When errors are not Normal

  n=100
  MLE  = Vars  = matrix(0,1000,3)  #matrix to record estimated values
  MLE2 = Vars2 = matrix(0,1000,3)  #matrix to record estimated values
  MLE3 = Vars3 = matrix(0,1000,3)  #matrix to record estimated values

  for (i in 1:1000) {

    #-- Normal errors ---
    X   = arima.sim(n = n, list(ar = c(0.7), ma = c(0.4))  ) + mu

    Est      = arima(X, order=c(1,0,1))
    MLE[i,]  = Est$coef
    Vars[i,] = c(Est$var.coef[1,1], Est$var.coef[2,2], Est$var.coef[3,3])

    #-- non-normal errors ---
    et = rt(n, 4)                          # t-distribution with df=4.
    Y  = arima.sim(n=n, list(ar = c(0.7), ma = c(0.4)), innov=et  ) + mu

    Est2 = arima(Y, order=c(1,0,1))
    MLE2[i,]  = Est2$coef
    Vars2[i,] = c(Est2$var.coef[1,1], Est2$var.coef[2,2], Est2$var.coef[3,3])

    #-- non-normal errors ---
    et3 = rexp(n, 1)-1                          # exp with mean 0
    T  = arima.sim(n=n, list(ar = c(0.7), ma = c(0.4)), innov=et3  ) + mu

    Est3 = arima(T, order=c(1,0,1))
    MLE3[i,]  = Est3$coef
    Vars3[i,] = c(Est3$var.coef[1,1], Est3$var.coef[2,2], Est3$var.coef[3,3])

  }

  # Plotting Results

  layout(matrix(1:6, 3,2, byrow=TRUE));
  hist(MLE[,1],  xlim=c(0,1), main="e ~ Norm: phi1 (.7)"  );  abline(v= .7, col="blue")
  hist(MLE[,2],  xlim=c(0,1), main="e ~ Norm: theta1 (.4)");  abline(v= .4, col="blue")
  hist(MLE2[,1], xlim=c(0,1), main="e ~ t(v): phi1 (.7)"  );  abline(v= .7, col="blue")
  hist(MLE2[,2], xlim=c(0,1), main="e ~ t(v): theta1 (.4)");  abline(v= .4, col="blue")
  hist(MLE3[,1], xlim=c(0,1), main="e ~ exp(1)-1: phi1 (.7)"  );  abline(v= .7, col="blue")
  hist(MLE3[,2], xlim=c(0,1), main="e ~ exp(1)-1: theta1 (.4)");  abline(v= .4, col="blue")

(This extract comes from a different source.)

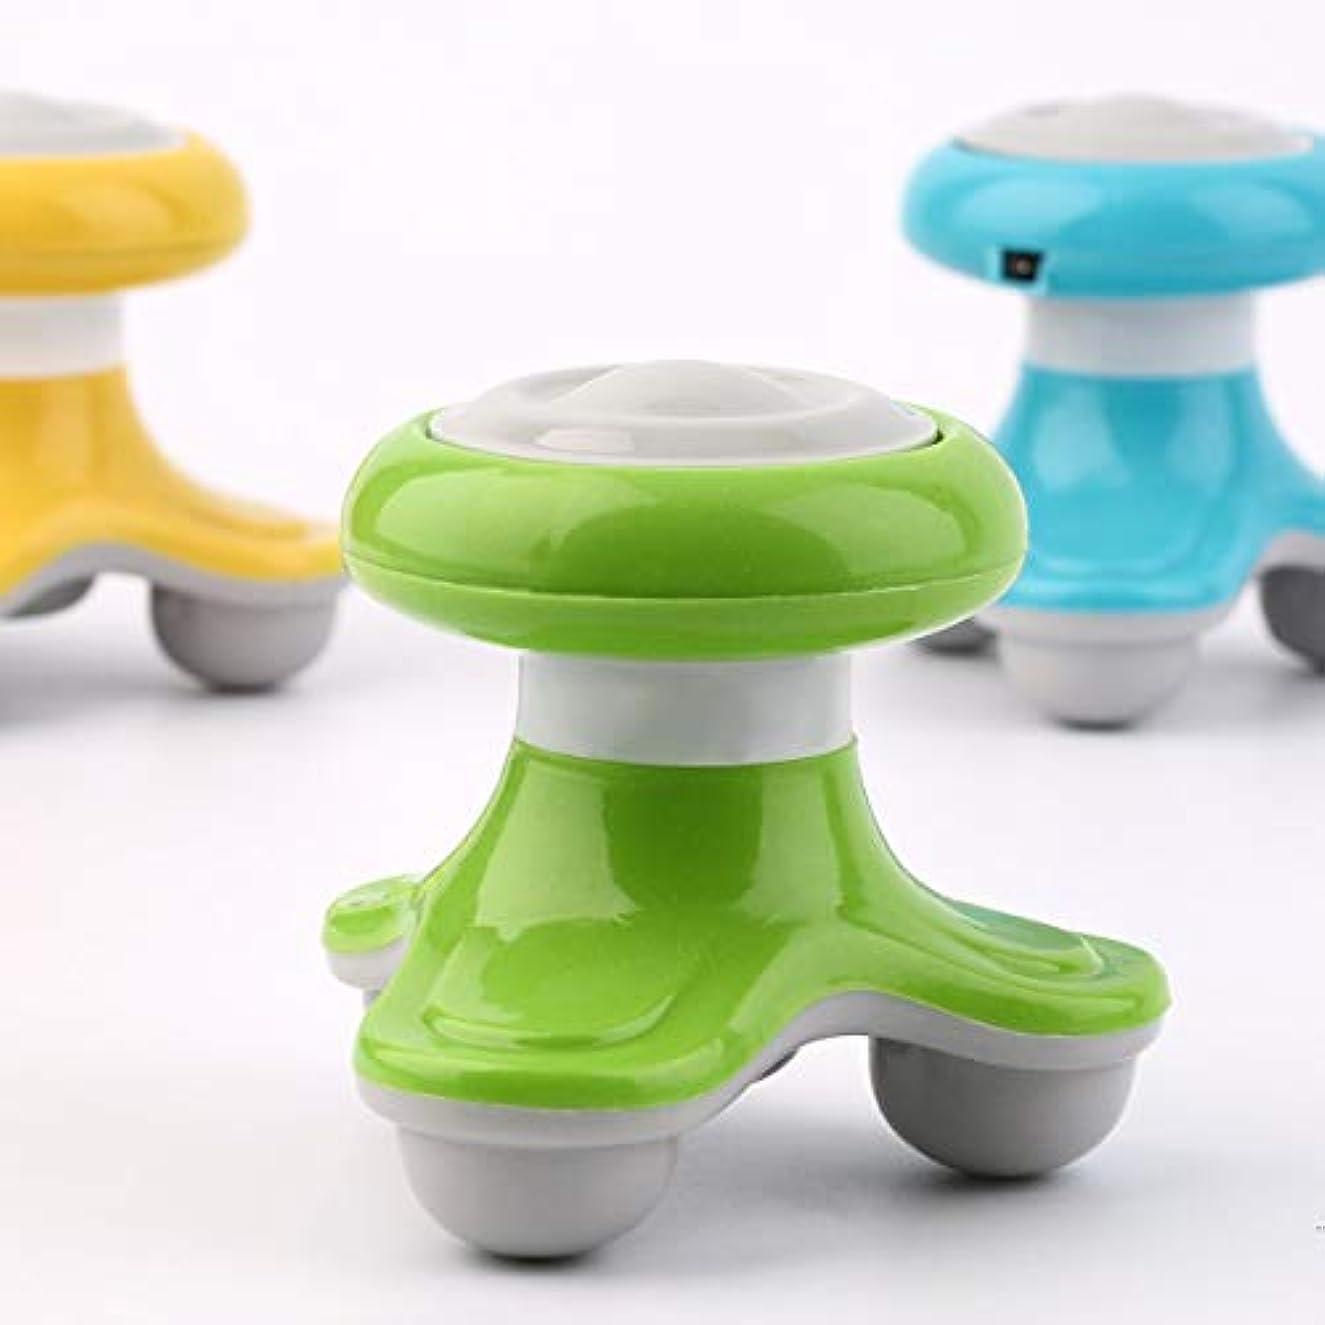 ピボット必要性草ミニ電気処理波動マッサージ器USBバッテリーボディマッサージ超コンパクトライトポータブルで便利
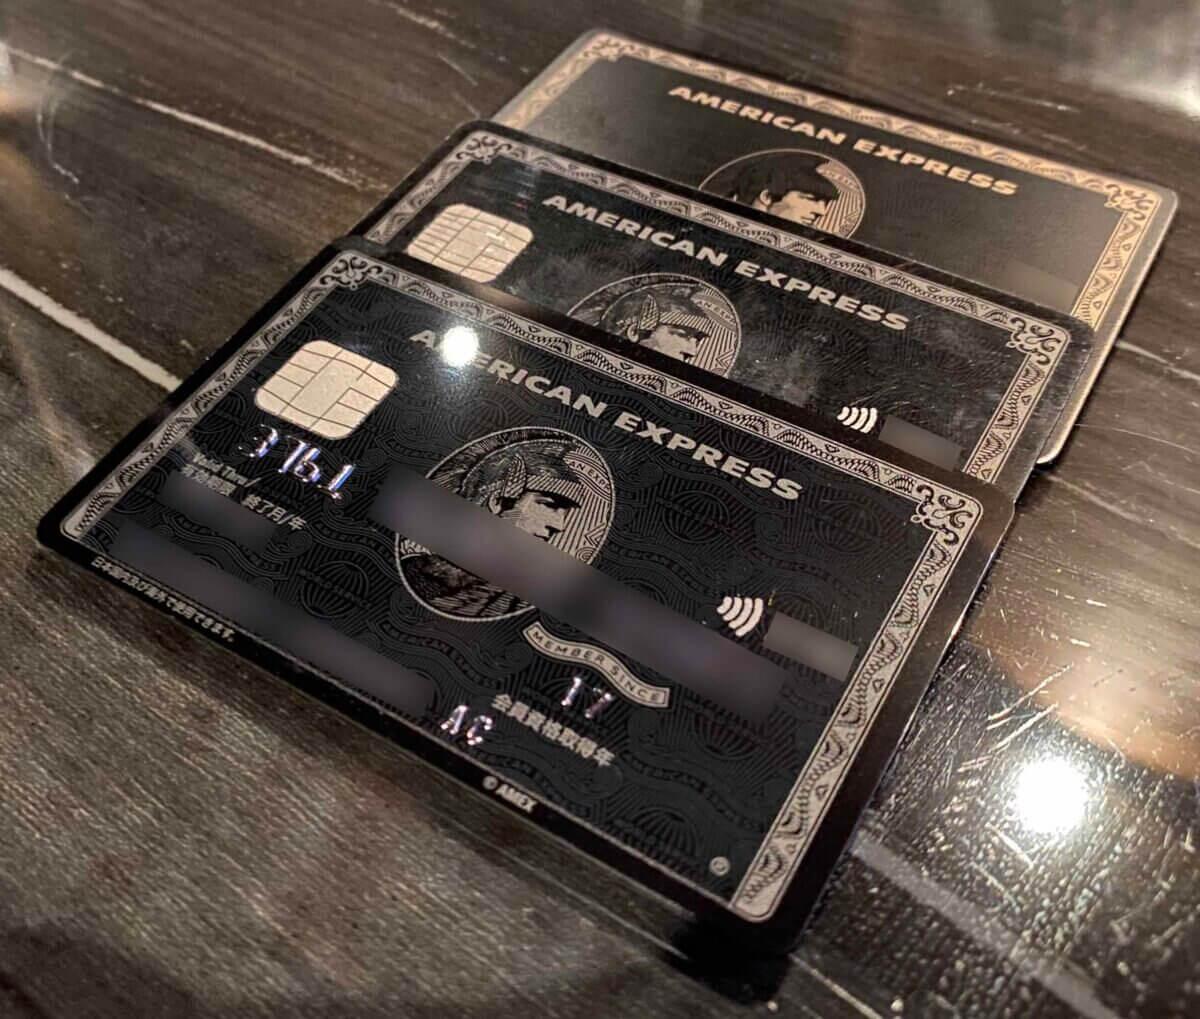 アメックスセンチュリオンのプラスチック製カード・チタンカード・ACカード

  Result3 = rbind(c(mean(MLE[,1]),   sd(MLE[,1]),  mean(MLE[,2]),   sd(MLE[,2] ) ),
                   c(mean(MLE2[,1]),  sd(MLE2[,1]), mean(MLE2[,2]),  sd(MLE2[,2]) ),
                   c(mean(MLE3[,1]),  sd(MLE3[,1]), mean(MLE3[,2]),  sd(MLE3[,2]) ) )

  colnames(Result3) = c("Mean phi1" ,  "SE phi1", "Mean th1", "SE th1")
  Result3
##      Mean phi1    SE phi1  Mean th1    SE th1
## [1,] 0.6614065 0.09300538 0.4169312 0.1112552
## [2,] 0.6573426 0.09131514 0.4186479 0.1124989
## [3,] 0.6613954 0.09062829 0.4187407 0.1136855





Summary

  • We assume that \(\epsilon_t\) is normal and estimate ARMA parameters by MLE.

  • For MLE, asymptotic sample distributions of the estimators are known (formula above).

  • For small \(n\), Standard Error from R output may not be accurate.

  • When the assumption of \(\epsilon_t\) being normal is violated, performance of MLE is not significantly affected for ARMA model.

  • Since MLE is computed by numerial optimization, it needs good starting point. CSS is used as starting point in and by default.